Page 9 of Louis


Font Size:

“Look, Lou, I can’t tell you it’s only stress,” I say, keeping my voice low and steady.

He flinches slightly but keeps holding my gaze as he stands in front of me, his chest rising and falling with quick, shallow breaths.

“Normally, stress might make you dream about missing the team bus or trying to play goal without your skates. Stupid shit like that,” I say. “Stress makes you grind your teeth. It doesn’t make you question who you are.”

“I’m thirty-four fucking years old.” His voice is almost pleading. He runs his hands over his face and steps back to the window, looking out at the skyline again. “I know who I am. No one goes to bed straight one night and wakes up queer the next morning. That’s not how it works.”

“Says who?” I ask softly.

He snaps his gaze to mine in the reflection.

I take a step closer. I’m treading on dangerous ground here. I haven’t told a soul in this league about my sexuality. About the fact that I’m more interested in the wine, not the label or the shape of the bottle it’s in. I’m not sure I want to hand that information over to the guy whose job I’m chasing, but I can’t stomach the thought of leaving him hanging out there all alone after basically coming out to me.

“You think there’s a deadline on figuring out who you are?” I ask. “Like you have to file all your paperwork by age twenty-one or the government comes after you?”

He lets out a shaky breath. “Feels like it should be filed by thirty-four.”

I give him what I hope is a reassuring smile. “Look, Louis. Just because you find a new room in the house you’ve been living in for thirty-four years doesn’t mean the whole place is burning down. Maybe it means you have more rooms than you thought.”
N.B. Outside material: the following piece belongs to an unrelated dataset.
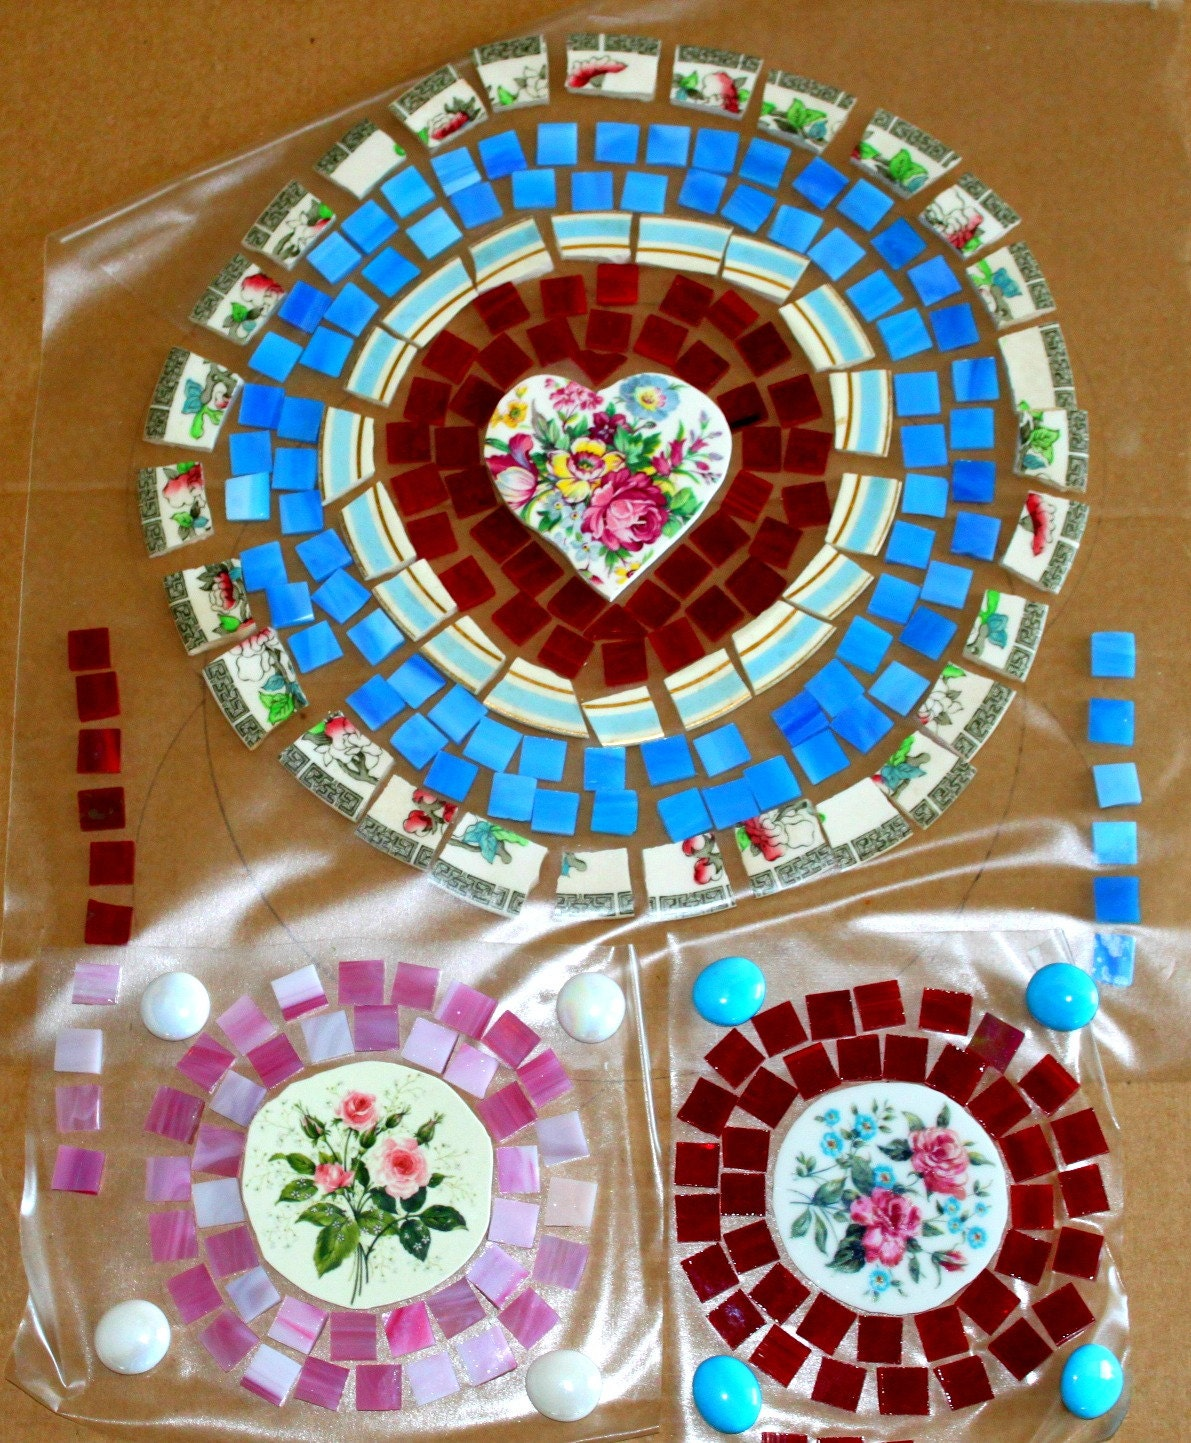 Broken Tile Coffee Table: Mosaic Tile Focals Broken Plates Table Top Set Romantic

Louis doesn’t answer. He stares out the window at the steam rising from the buildings.

I step closer, laying my hand on his bare shoulder, attempting to reassure him. I half expect him to shrug me off and make a joke, but he doesn’t.

Instead, he surprises me by letting out a long, ragged exhale and leaning into my touch. He rests his forehead against the cold window glass and lets out a big sigh.

“I guess I thought that part of my life was figured out already,” he murmurs. “But I guess my sexuality is one more thing I don’t have nailed down yet.”

“Hey. Would it be such a bad thing?” I ask gently. My hand is still on his shoulder, and I squeeze gently, trying to offer him as much support as I can.

He takes a deep breath. “No. I don’t think so. Not really. I mean, obviously, Rylan’s my best friend, and I don’t give a shit who he loves. I’m so happy he found Jamie. And my family is completely fine with it—that’s no big thing. I think it’s fucking me up because it’s not something I ever considered. Even after I found out about Ry. It never crossed my mind that I might be… queer. It’s an adjustment, I guess.”

“I get that,” I say, because I do. “A big change in how you see yourself can throw you for a loop.” My voice has droppedan octave, and I realize I’ve been tracing slow circles against the warm skin of his shoulder with my thumb.

“Wait,” he says, lifting his forehead off the glass and looking at me with wide eyes over his shoulder. “Are—Tanner, are you…?”

His voice trails off, like he’s not sure how to finish his question. I pull my hand away from his shoulder and clear my throat, looking down for a second before snapping my eyes back to his. I refuse to be ashamed of who I am.

I nod. “Yeah. I’m pan.”

The air in the room changes instantly.

Louis turns his body, shifting so he’s facing me.

And suddenly, this conversation isn’t about Louis’s identity confusion anymore. The world narrows down to the two feet of space between us.

His dark eyes search mine, wide and vulnerable, and then, as if gravity is pulling them down, his gaze drops to my lips, and his breathing quickens.

My breath hitches. Shit. This was not part of the plan.

I could close the gap between us right now and take his mouth. He wouldn’t stop me. He wants me to—I know it right down to my bones.

My pulse hammers in my throat. The memory of his hand holding mine when he helped me up this morning flashes through my mind. Fuck, I want to taste him.

His tongue darts out, moistening his lips, and suddenly, I’m very aware that my dick is hard as a rock.

This is a horrible idea. Beyond horrible. He’s spiraling, he’s exhausted after not sleeping properly for weeks, and he’s just experienced a huge revelation about himself. He’s emotional and reaching for me because I feel like the only solid thing he can hold on to right now.

Kissing him would be a really fucking dumb thing to do. And I don’t make dumb mistakes.